Effect of Cu, CuO, and Cu-CuO Bilayer Source/Drain Electrodes on the Performance of the Pentacene Thin-Film Transistor

Cu, CuO, and Cu-CuO bilayer films were deposited with radio-frequency sputtering by controlling the O(2)/Ar gas flow ratio and the performance of the pentacene thin-film transistor (TFT) with these films as a source/drain (S/D) electrode was measured. With an O(2)/Ar gas flow ratio higher than 1, CuO film was obtained with a resistivity of similar to 10(5) mu cm and a work function of similar to 5.0 eV close to the highest occupied molecular orbital energy level of pentacene. Pentacene TFT with CuO film deposited at (Ar:O(2)=0:50 sccm) showed better performance than Cu film because the barrier height between the electrode and the semiconductor layer was smaller.
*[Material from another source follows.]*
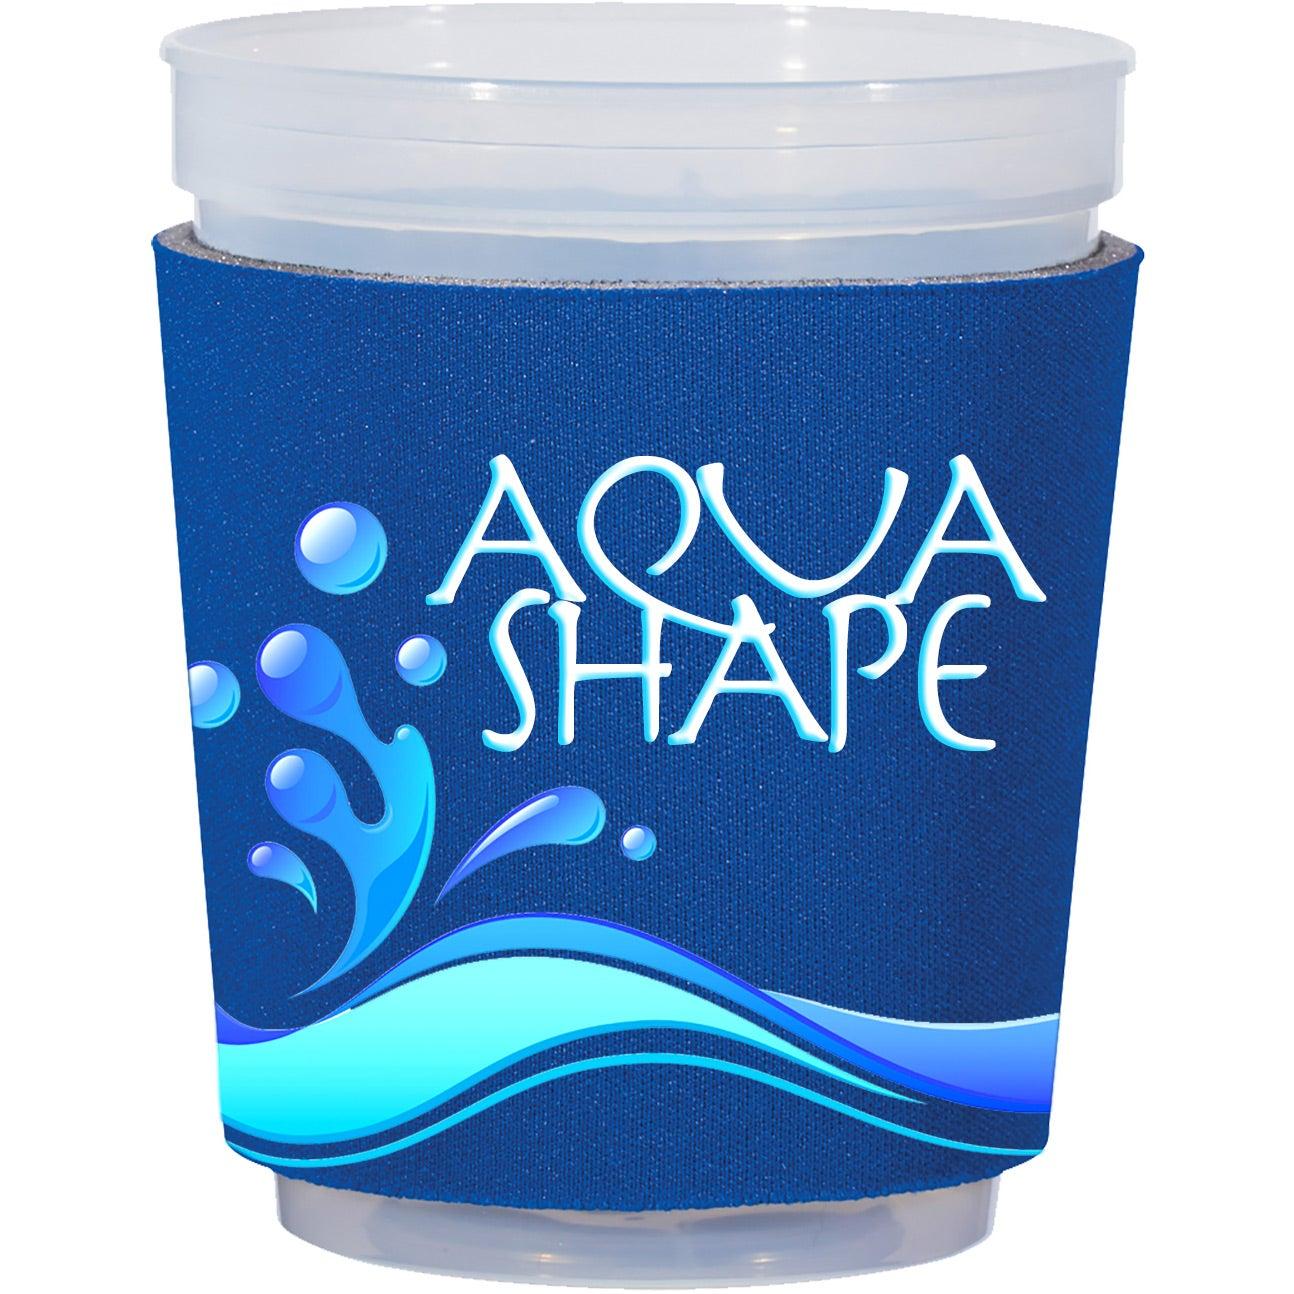 Kan-Tastic Cup Sleeve

The pentacene TFTs with CuO/Cu and Cu/CuO bilayer S/D electrodes were fabricated through the shadow mask patterning, and the CuO/Cu structure showed better performance than Cu or Cu/CuO because hole injection was through the CuO layer. It was confirmed that the edge effect with a shadow mask had an influence on the electrode pattern formation due to the infiltration of the film-forming species through the microgap.